Antonia Dell'Atte entra como un huracán en la gala Starlite y la tiene que abandonar en ambulancia

Antonia Dell'Atte y Ana Obregón, compartiendo foto. :: EFE/
Antonia Dell'Atte y Ana Obregón, compartiendo foto. :: EFE

La italiana sufrió un repentino desmayo en Marbella

ARANTZA FURUNDARENA

Podría decirse que la gala Starlite se repite cada año en Marbella como el día de la marmota... Pero sería mentir. Porque en cada edición, y esta ha sido la novena, ocurre algo inesperado. En la de este pasado sábado por la noche en concreto lo más llamativo fue el agotamiento de su anfitrión, Antonio Banderas, que llegó colaborador y cariñoso, como siempre, pero cansado como nunca. Se le notó un poco en la actitud (se le veía más serio) pero sobre todo en la voz, bastante más apagada que de costumbre. Había motivo. El actor apenas había dormido. Está rodando a las (exigentes) órdenes de Almodóvar 'Dolor y gloria' y por lo visto el proceso está teniendo más de lo primero que de lo segundo. Pero la Starlite es una gala llena de sorpresas y, aunque el extenuado era Antonio, la que terminó desplomándose fue Antonia (Dell'Atte), que sufrió un repentino desmayo y tuvo que abandonar la fiesta en ambulancia.

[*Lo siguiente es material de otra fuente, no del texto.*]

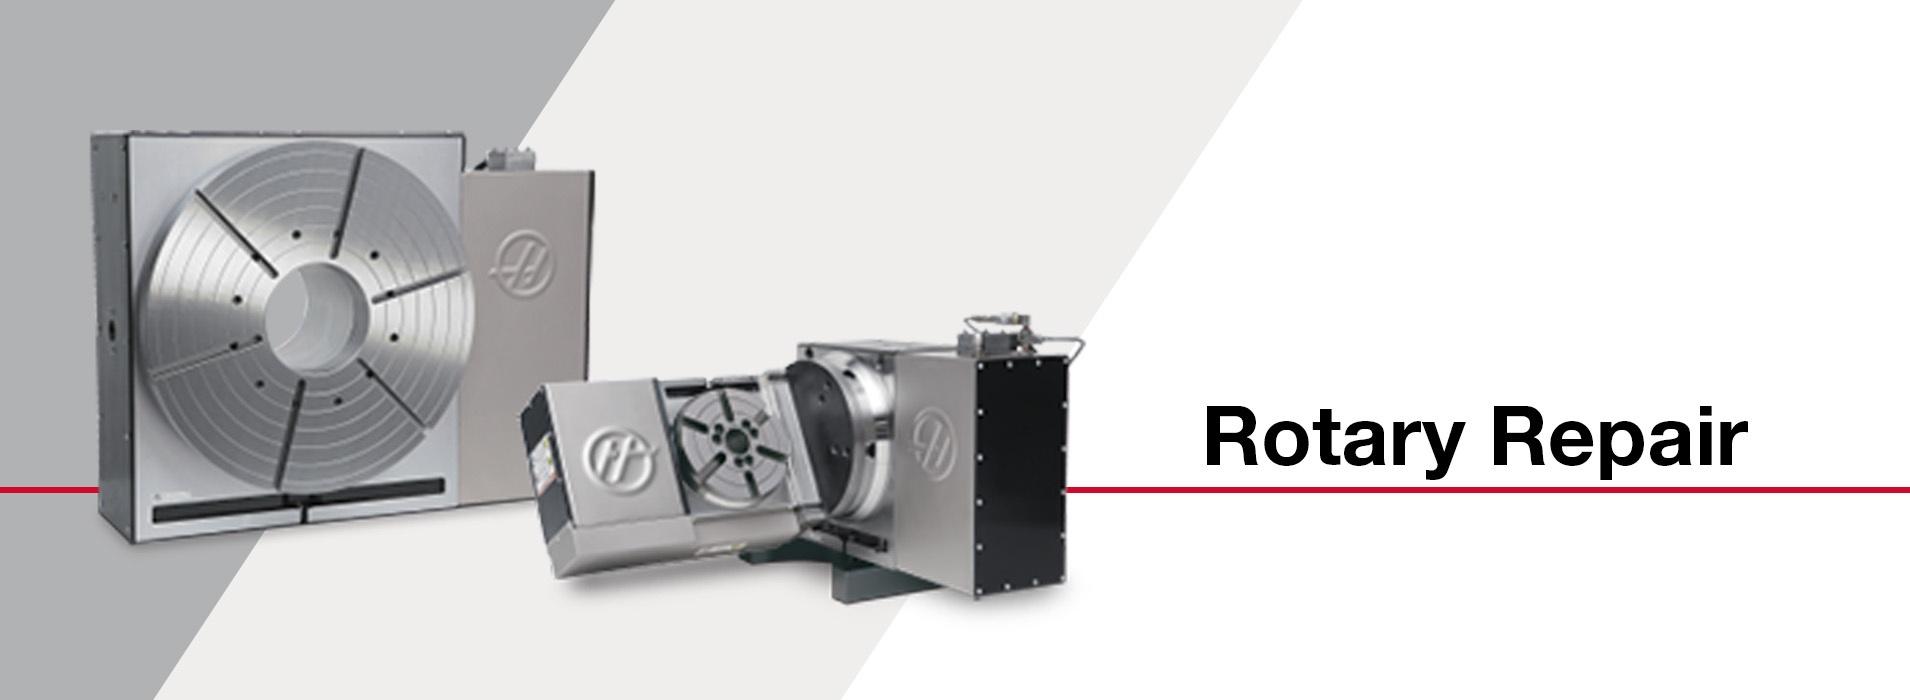 rotaryrepairheader.jpg

Lo de la italiana, de 58 años, los mismos que Banderas cumplió el viernes, ha quedado en principio como un vahído puntual sin mayores consecuencias. Pero Carlos Latre y Santiago Segura tardarán en quitarse el susto del cuerpo. Los dos cómicos conducían el espectáculo desde el escenario del Auditorio de la Cantera de Nagüeles cuando de pronto escucharon los gritos de «¡Un médico, un médico!» y se vieron obligados a detener el show. Tras unos instantes de incertidumbre, el médico apareció y decidió trasladar a Dell'Atte a un lugar más fresco. Al final, Antonia recuperó la conciencia pero fue evacuada en ambulancia para someterla a una revisión. Nada hacía presagiar el accidentado final de fiesta de Dell'Atte, que poco antes había irrumpido en la alfombra roja con un vistoso vestido de lentejuelas, llena de energía y buen humor.

La Starlite es una gala de carácter solidario. Y algunas de sus invitadas más ilustres debieron de pensar que la generosidad bien entendida empieza por el escote... Se vieron aberturas realmente abisales, como la del vestido de Rosanna Zanetti, que apenas dejaba un 10% a la imaginación, el escotazo de Nicole Kimpel (auténtico homenaje al implante mamario y su desafío a la ley de la gravedad), o las atrevidísimas transparencias de Anne Igartiburu.

En cuanto a la otra generosidad, la del bolsillo, la palma se la llevó un cuadro de los artistas cubanos denominados Los Carpinteros que alcanzó los 40.000 euros en la tradicional subasta. La mitad (20.000) recaudó Banderas, nominado a un Emmy por la serie 'Genius', con un lienzo que pintó en pleno arrebato picassiano. Bisbal se lo quería quedar. Pero se plantó en los 10.000 euros. A cambio le cantó a su amigo un sentido 'Cumpleaños feliz' ante todo el auditorio. Más de 2,3 millones de euros lleva recaudados la Starlite desde su comienzo para las fundaciones Lágrimas y Favores, de Antonio Banderas, y Niños en Alegría, de la coanfitriona Sandra García-Sanjuán. La bailaora Sara Baras, el cantante Juanes, la modelo Valeria Mazza, la soprano Ainhoa Arteta y la actriz Bo Derek, entre otras muchas celebridades, asistieron a la gala. También el ex presidente Aznar y su mujer, Ana Botella... Banderas evitó hablar de política, pero advirtió: «Nunca aceptaría ser ministro de Cultura».